Ladies and gentlemen, the ‘Zebra’ has left the building

“Zebra,” by George Stubbs — one of the most iconic works of art in the Yale Center for British Art’s collection — has crossed Chapel St. for the first time.
George Stubbs, 1724–1806, British, Zebra, exhibited 1763, Oil on canvas, Yale Center for British Art

George Stubbs, 1724–1806, British, Zebra, exhibited 1763, Oil on canvas, Yale Center for British Art, Paul Mellon Collection framed, recto

Zebra,” by George Stubbs — one of the most iconic works of art in the Yale Center for British Art’s collection — has crossed Chapel St. for the first time to hang in the Yale University Art Gallery, along with hundreds of other treasures of Romantic-era art from the two museums.

The exhibition, “The Critique of Reason: Romantic Art, 1760–1860” — on view at the Yale Art Gallery through July 26 — represents the first time that the two renowned collections have melded together on this scale. On view are more than 300 paintings, watercolors, drawings, prints, sculptures, medals, and photographs from the art museums, as well as a few key loans from the Lewis Walpole Library, and private lenders. Together, these works explore more than a century of Romantic art in Europe and Great Britain.

With the Yale Center for British Art closed through 2015 to complete its building conservation project, a number of its greatest hits have found a temporary home in the gallery’s exhibition galleries, as well as its permanent collection.

This was a special opportunity for a number of treasures from the Yale Center for British Art’s collections to be placed in conversation with an equal number of treasures from the Yale University Art Gallery,” said Amy Meyers, director of the center. “We’re deeply grateful to the gallery for being our partner in this creative way.”

Yale is home to one of the largest collections of art in the country that is open to the public at no charge.

According to Jock Reynolds, The Henry J. Heinz II Director at the gallery, “Yale’s two great teaching museums offer free daily public admission to their vast collections and to all of their educational programs, and are likely outmatched in this regard only by the many museums that comprise the well federally subsidized Smithsonian Institution of Washington, D.C.”
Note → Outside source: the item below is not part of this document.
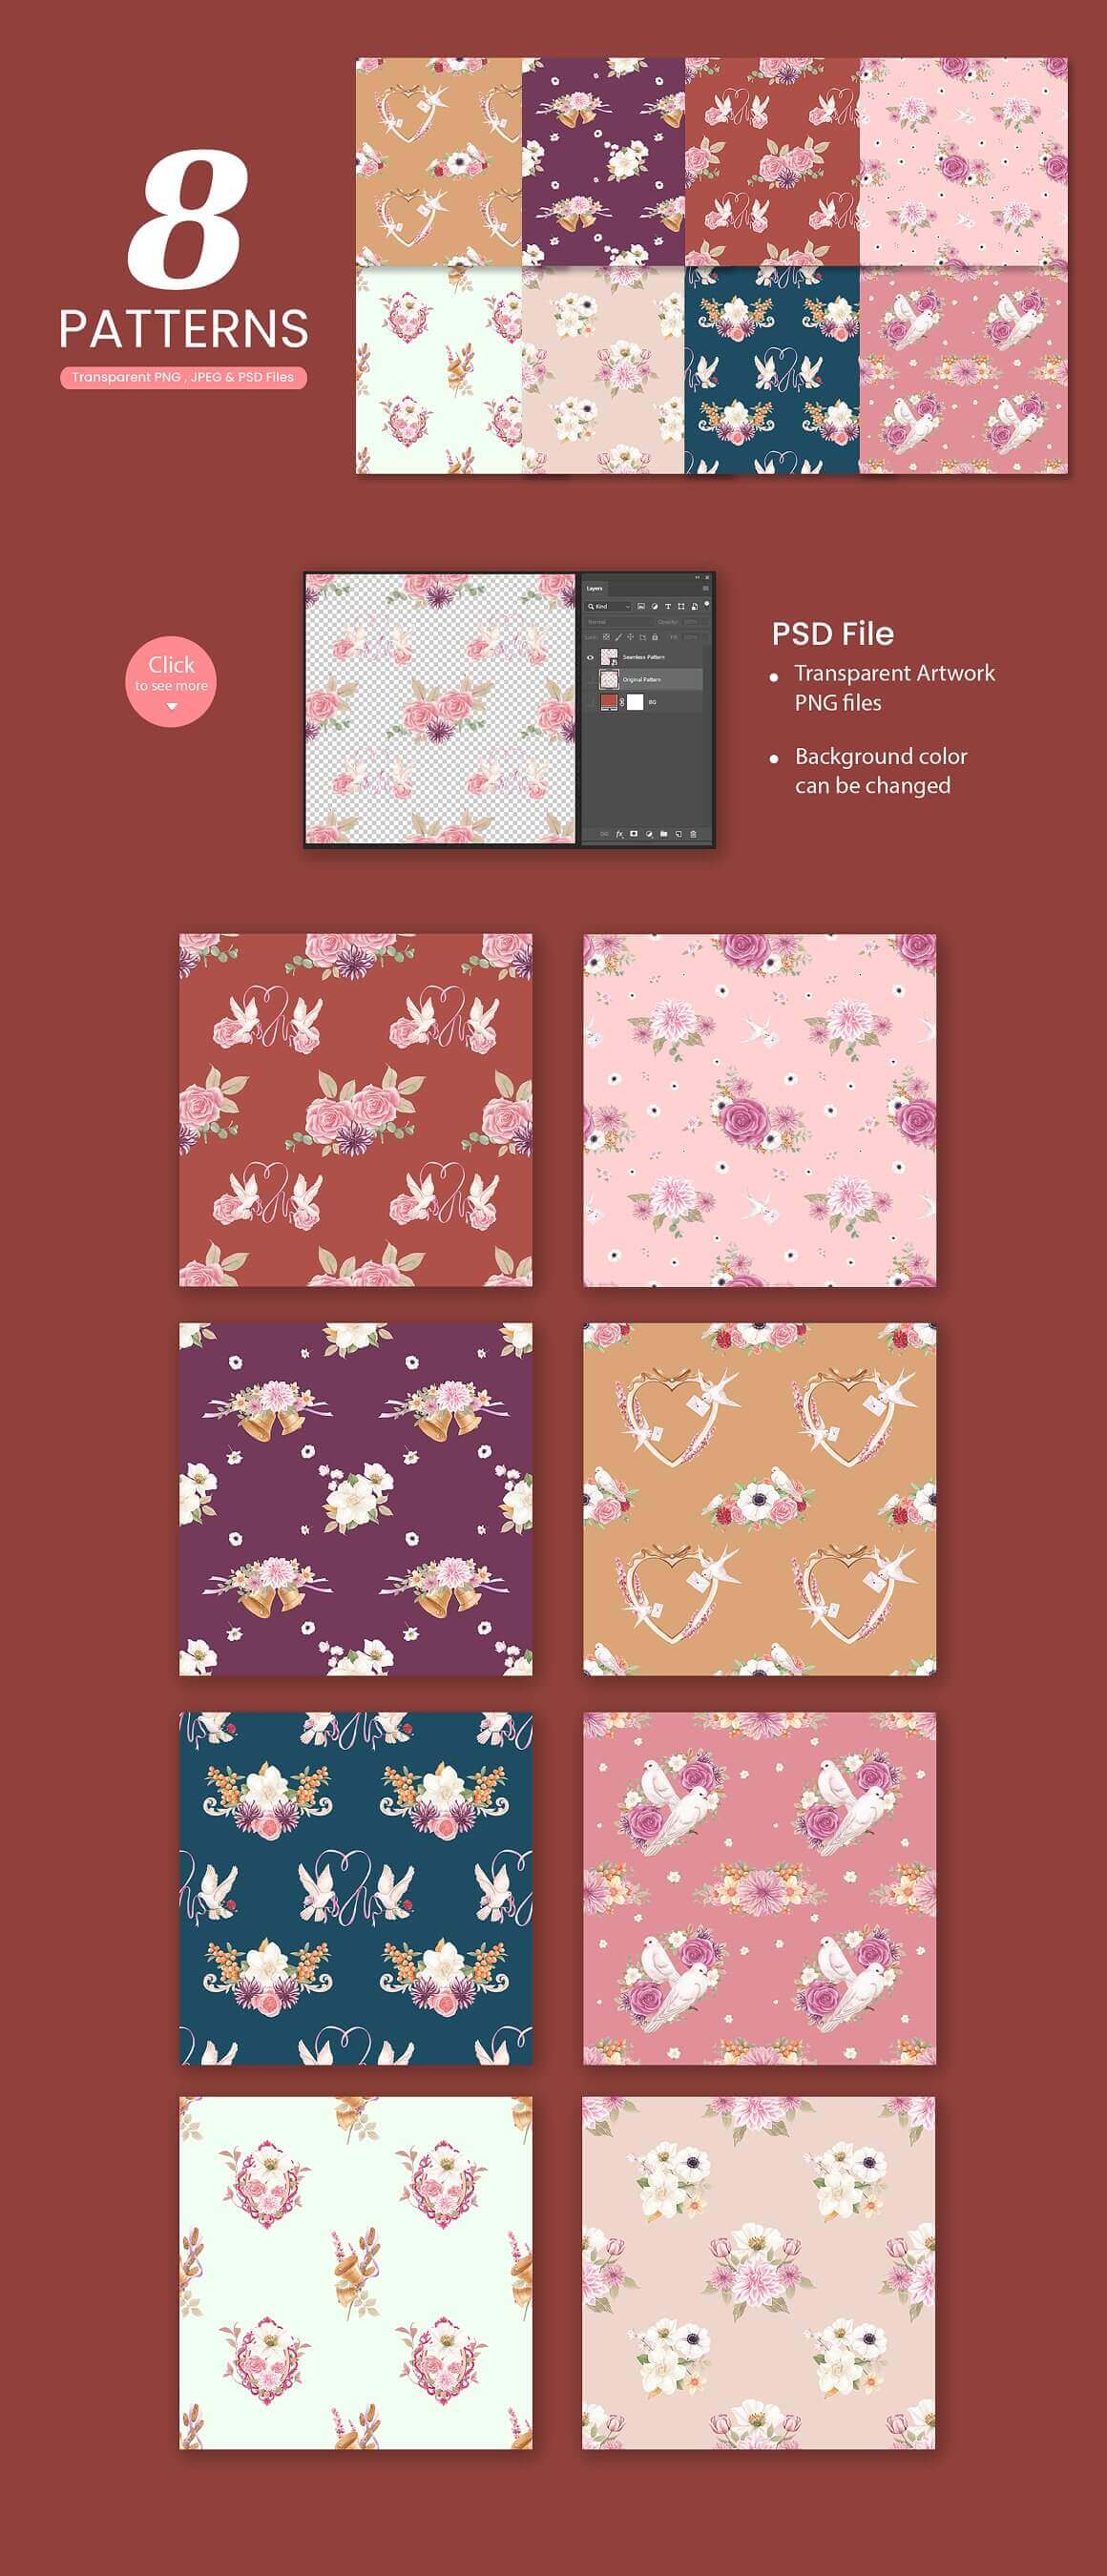 8 Patterns with Flower Design.

Over the next few months, visitors to “Critique of Reason,” will have an unprecedented opportunity to see masterworks by Joseph Mallord William Turner hanging opposite those of Giovanni Piranesi, George Stubbs across from Eugène Delacroix, Francisco de Goya across from William Blake, and John Constable alongside Théodore Géricault.

Romanticism and visual art

The term “Romanticism” traditionally applies to a cultural and political movement in Europe from the French Revolution through the early 19th century. According to the exhibition curators, “Romanticism was deemed a foil to the Enlightenment, overthrowing the reign of reason and reasserting the value of fantasy, spirituality, and the individual psyche.”  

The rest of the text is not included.